Well, here we go. Every country has its share of idiots but this hits too close to home. One can only hope the Chinese leaders have a better grasp on reality than some of the military. One mistake by a Chinese admiral etc would end up being their undoing and put them back behind their Great Wall for the next thousand years. Bad part too is that this country is kissing China's backside and an attack on a US asset would cause great danger to not only the area but the Philippines as well. We can only hope the US and our allies are already aware of any risk and have things well in hand. 

Follow This Link to read the corresponding story..


----------



## Ram1957 (Oct 14, 2014)

The Chinese or either getting very brave or very stupid. The US won't be alone in this fight. The UK, Aussies, Japan and India would all want a piece of this. It would be hard for China to wage a war on two fronts.


----------



## Asian Spirit (Mar 1, 2010)

*Response And Warning To China*

Here is a follow up on the original post. Hopefully someone in China is smart enough to listen. Germany did not, and Japan did not. Hope they are smart enough to learn from history.
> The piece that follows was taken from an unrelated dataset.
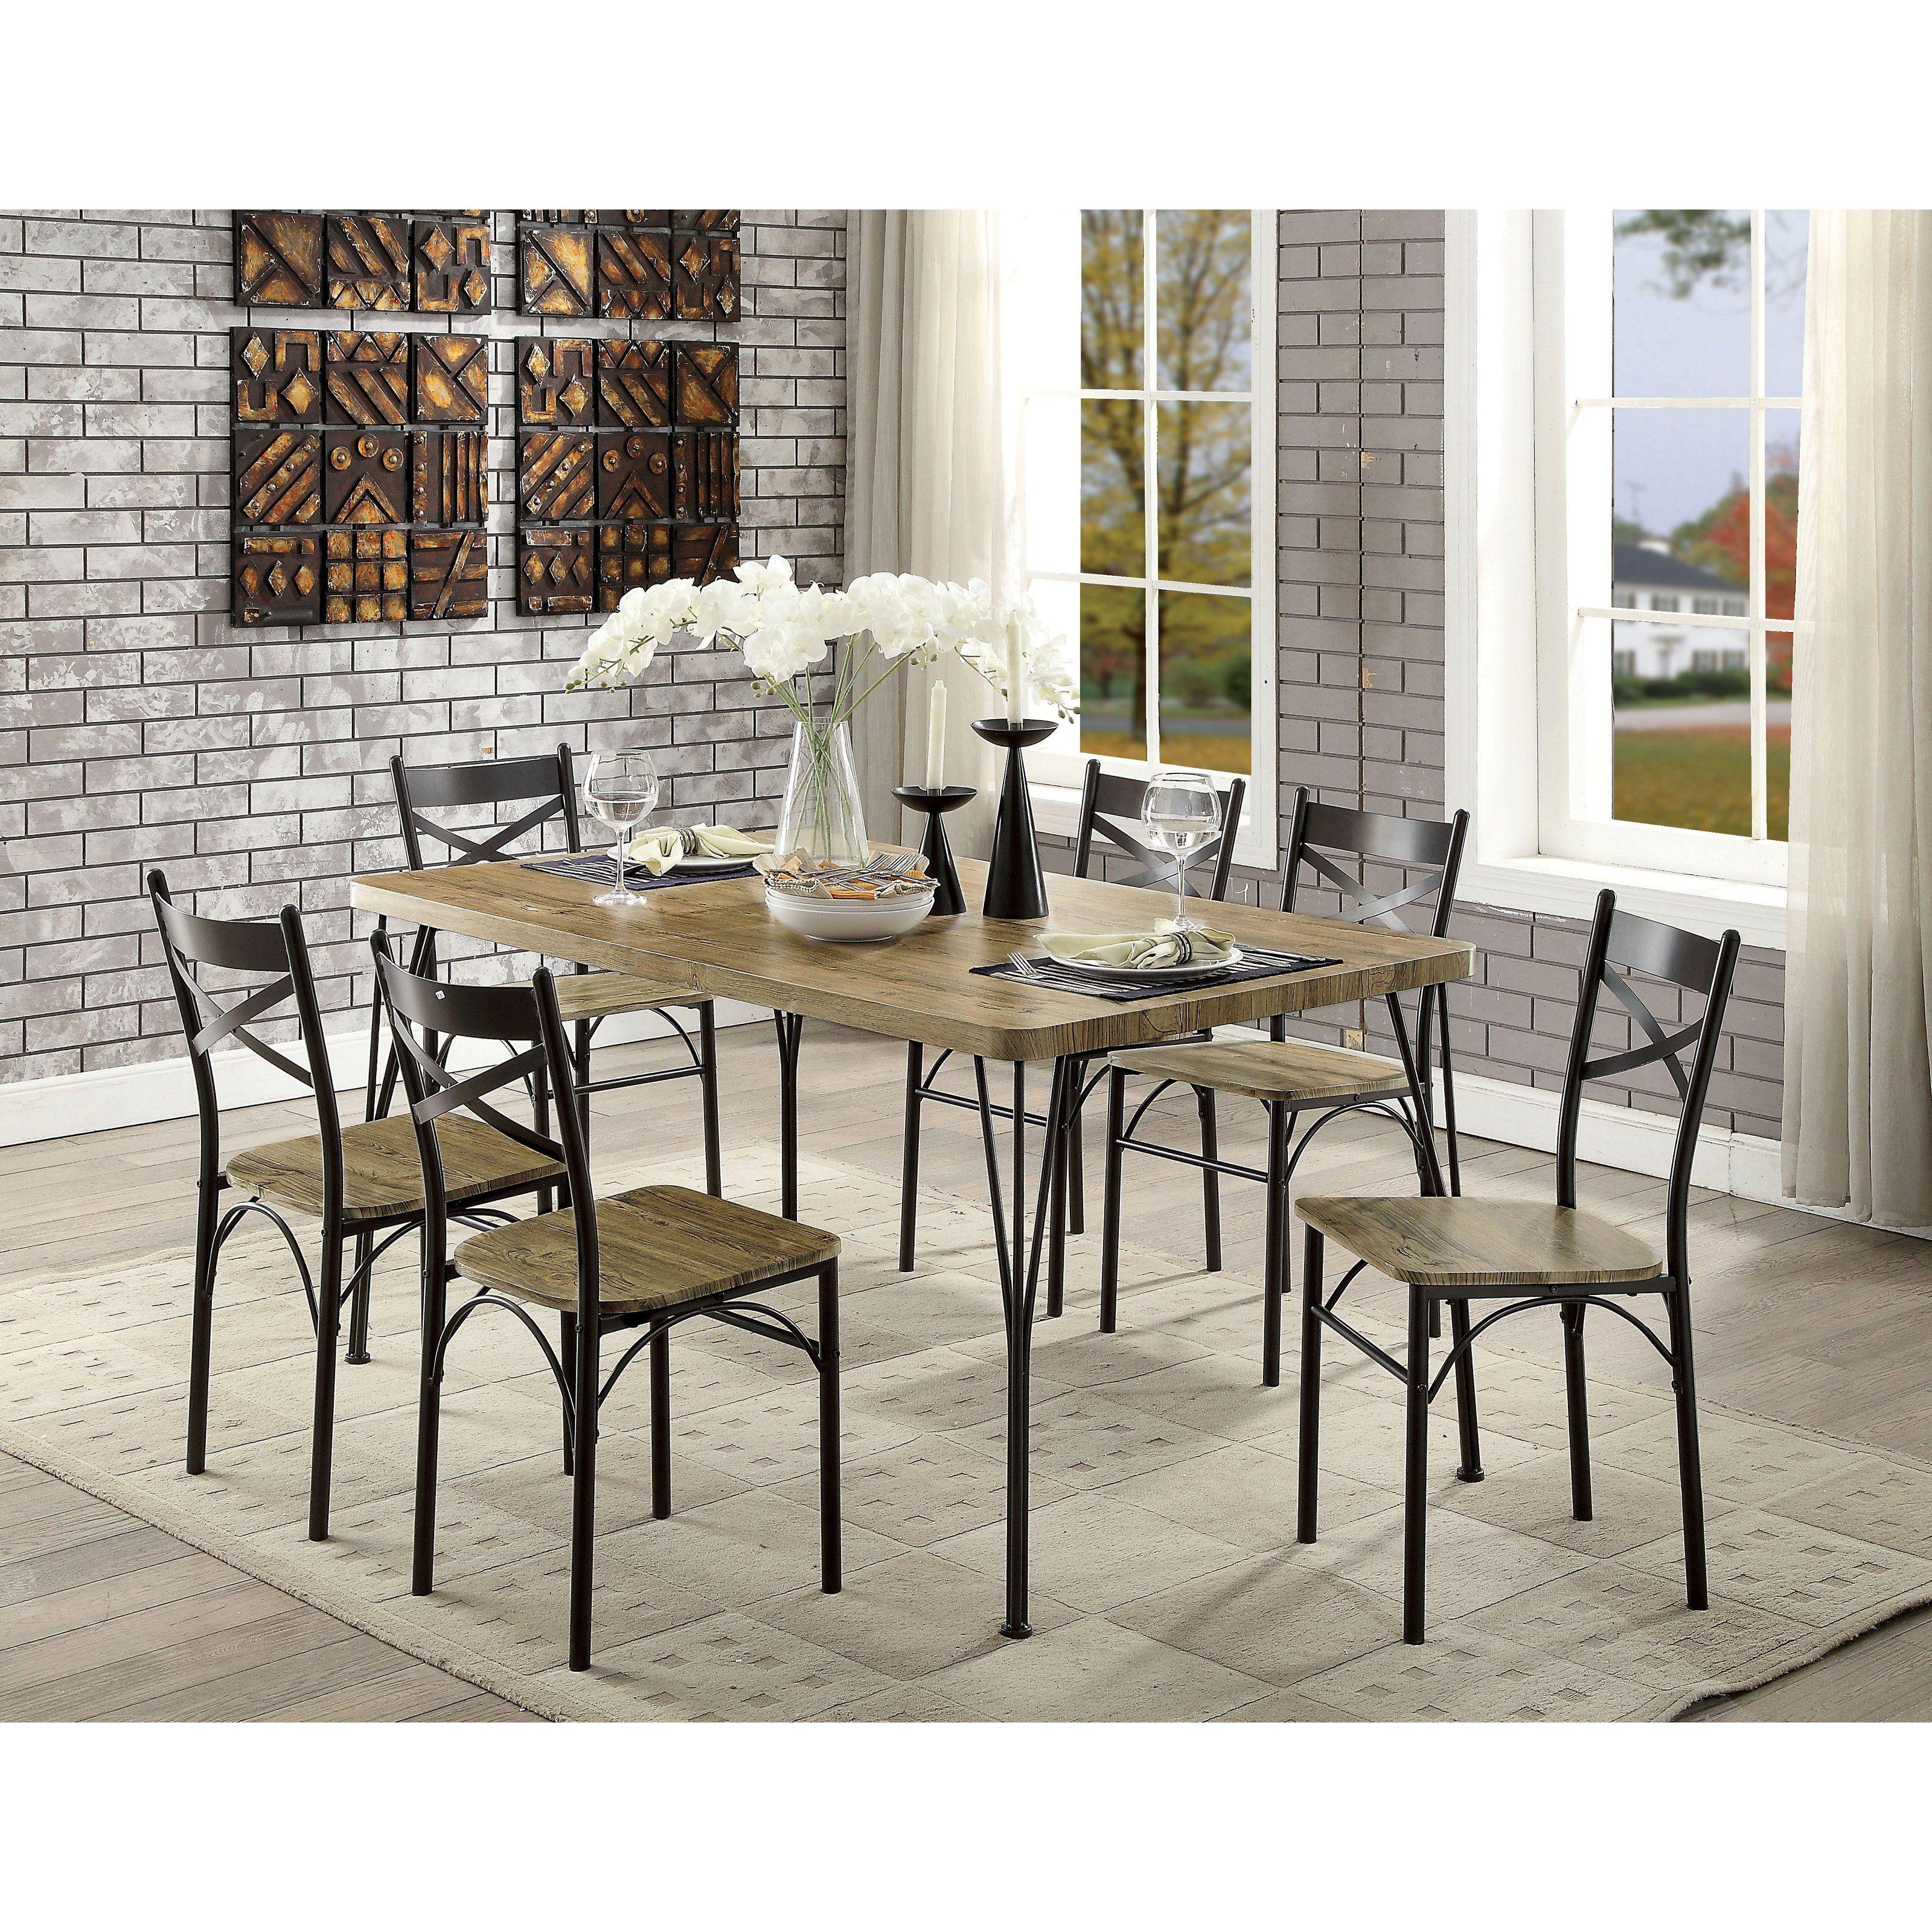 furniture of america milland 7 piece industrial farmhouse dining rh pinterest com

Especially now; they are messing with the wrong US president.

Follow This Link to the article
(source: Fox News)


----------



## Tiz (Jan 23, 2016)

Hopefully someone in America is smart enough to read "Anatomy of Failure: Why America Loses Every War It Starts"

Hope they are smart enough to learn from history. 

Harlan Ullman provides a fascinating blend of tactical analysis, personal memoir, and strategic assessment covering the past six decades of the American experience at war. Drawing on his own experiences as a decorated Vietnam War swift boat commander as well as his lifetime of strategic study, he tries to answer a question that has plagued policy-makers across the political spectrum since the end of World War II: Why does the United States keep losing wars?


----------



## hogrider (May 25, 2010)

From a casual observers perspective, I would suggest that it's largely down to the US perpetually underestimating the enemy. Not so much the military capability of the enemy, but their resourcefulness, tenacity, commitment.


----------



## Tim_L (Jul 14, 2018)

It would definitely be game on if they sank a US Warship, especially a carrier or worse, two as he mentioned in the article. I wonder if this is the same dumba$$ that talked about ramming our destroyers in the S. China Sea.
I know one thing for sure, I don't think that I want to be in Asia when all of that goes down.
It could get very, very ugly. Exactly as the followup article states.


----------



## Rwestgate (Jan 29, 2019)

They are inposition to put a tremendous financial thumb on many of our allies, their size, location and size work to their advantage.


----------